O’Shaughnessy Hall earns Gold LEED certification from U.S. Green Building Council
O’Shaughnessy Hall has earned U.S. Green Building Council (USGBC) Leadership in Energy and Environmental Design (LEED) Gold certification. It is the 18th Virginia Tech facility to become LEED certified and the seventh to earn Gold certification.
Pursuing LEED Silver or higher certification for new construction and major renovations of campus buildings is just one of the many ways the university continues to advance its sustainability efforts in support of the Virginia Tech Climate Action Commitment.
The commitment serves as the university’s guiding framework around sustainability and energy efficiency in campus operations, facilities, curriculum, and research. In late 2019, President Tim Sands called for its renewal and revision to ensure the most stringent climate and sustainability standards are implemented as Virginia Tech continues to grow and seeks to be a leader in environmental stewardship.
The final report continues to move through university governance and the financial review stage ahead of expected final approval and implementation later this spring.
Built originally in 1966, O’Shaughnessy Hall is a 69,211-square-foot co-ed residence hall. It is home to the Leadership and Social Change Residential College (LSCRC), a two-year academic leadership studies and development program that gives students the option to complete a minor in leadership and social change. It is the newest of Virginia Tech’s three residential colleges. Major renovations to the building kicked off in May 2017 and were completed in August 2018.

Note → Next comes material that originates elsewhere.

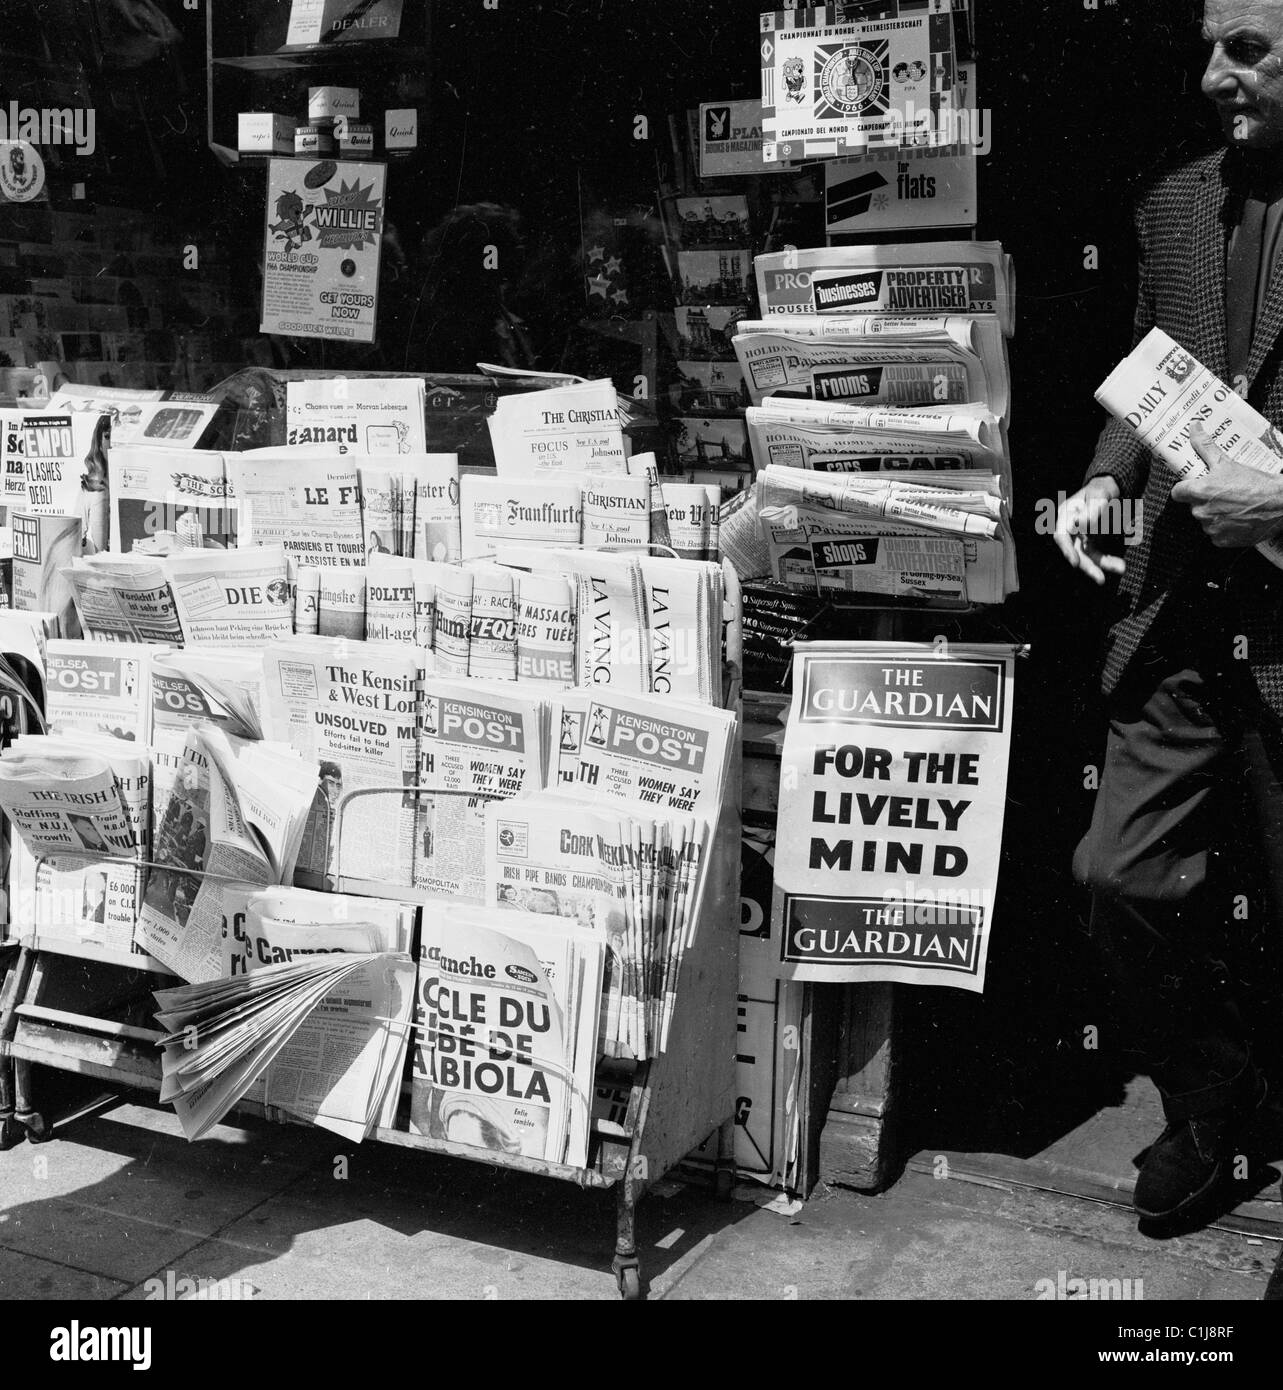 1966, journaux nationaux historiques, britanniques et étrangers exposés devant un agent de presse, lors de la coupe du monde de football en Angleterre. Banque D'Images
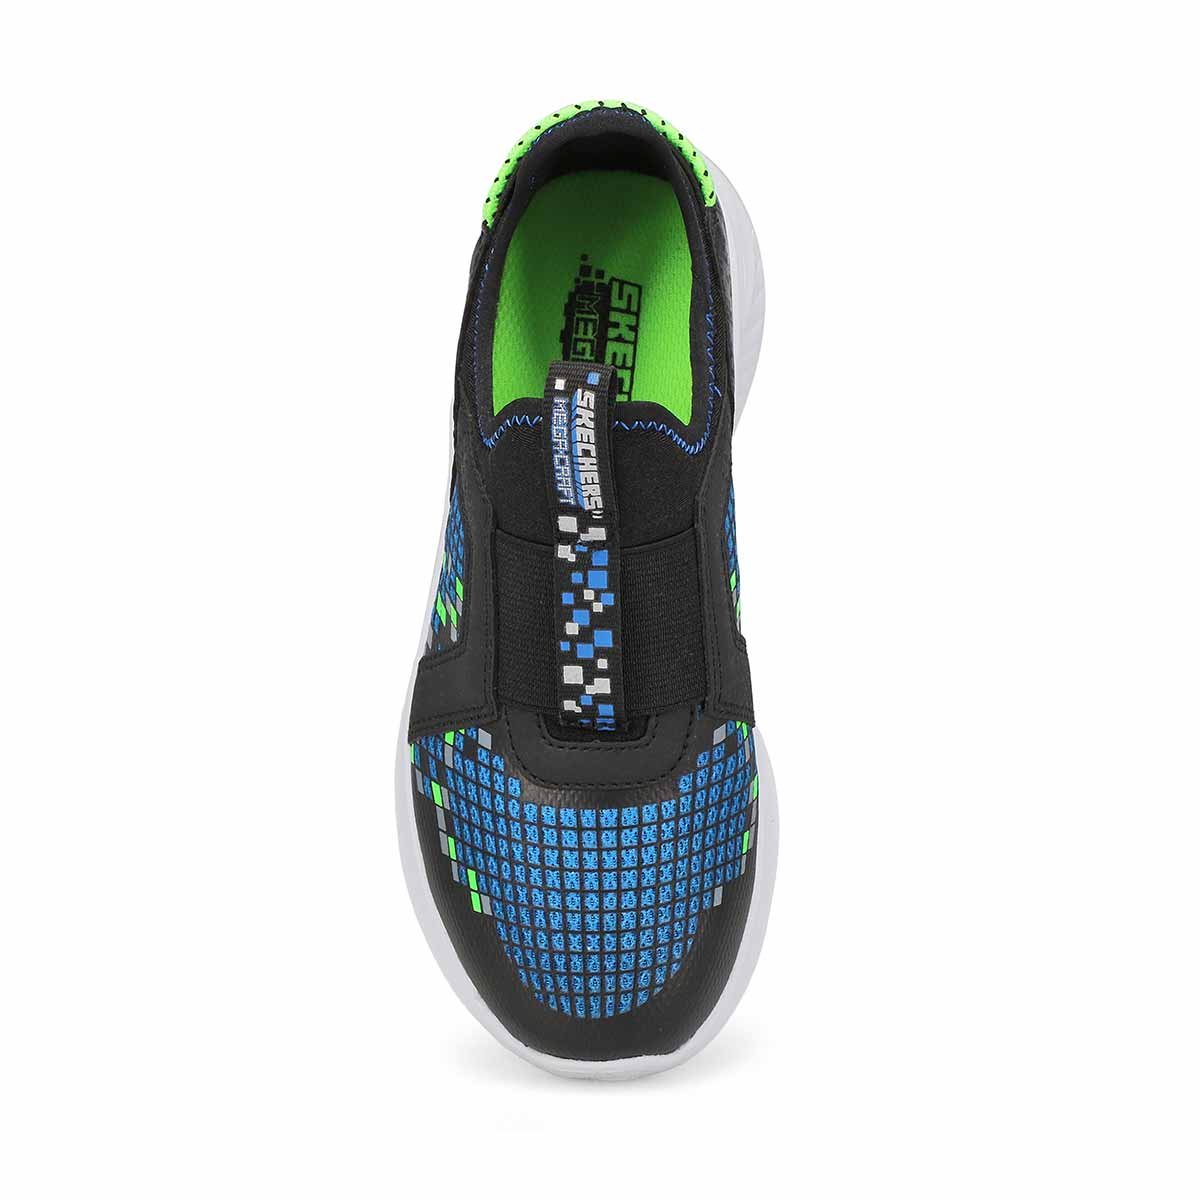 Boys Ultra Flex 3.0 Slip On Sneaker - Black/Blue/Lime

LEED projects earn points across nine areas that address key aspects of green buildings including water efficiency, indoor environmental quality, innovation, materials and resources, and more.
Among the notable sustainable design features in the building are low-flow restroom fixtures, replacement LED lighting, no potable water use for irrigation, and energy-efficient windows. More than 60 percent of the existing building was utilized in the renovations, reducing the total energy required to extract, process, manufacture, and deliver materials to the building site. New building materials were secured through sustainable procurement practices and contained over 20 percent recycled and regional content material.
Additional improvements included ADA-compliant student residential rooms, bathrooms, and restrooms; an accessible open kitchen; an accessible faculty apartment; and a barrier-free courtyard. O’Shaughnessy Hall’s new community spaces – a large classroom, living room, exterior courtyard, library, and more – remain a building hallmark, helping to foster collaboration and dialogue among students and faculty.
“Sustainability was the major focus for this project, as it is for every new building or capital renovation project at Virginia Tech. Campus planning, contracting, and construction teams leveraged the LEED rating system, as well as the Virginia Tech Climate Action Commitment, as frameworks for the project’s sustainable features,” stated Aaron Curfiss, project manager for the renovation.
Other building collaborators included the architect/engineer for the renovation, Moseley Architects, in partnership with Lord Aeck Sargent. The contractor was W.M. Jordan, whose team has been engaged in numerous green construction projects at Virginia Tech.
“O’Shaughnessy Hall showcases the best of our green design and construction techniques and will join the ranks of some of our favorite LEED projects at Virginia Tech. Our company is proud to collaborate with an institution that shares our desire to create a more sustainably-built environment,” said Brandon Renick, project manager for W. M. Jordan on O’Shaughnessy Hall.
Now that O’Shaughnessy Hall has officially been awarded its rating, it will be added to the council’s certified database and will soon receive a USGBC LEED Gold plaque to be hung inside the building.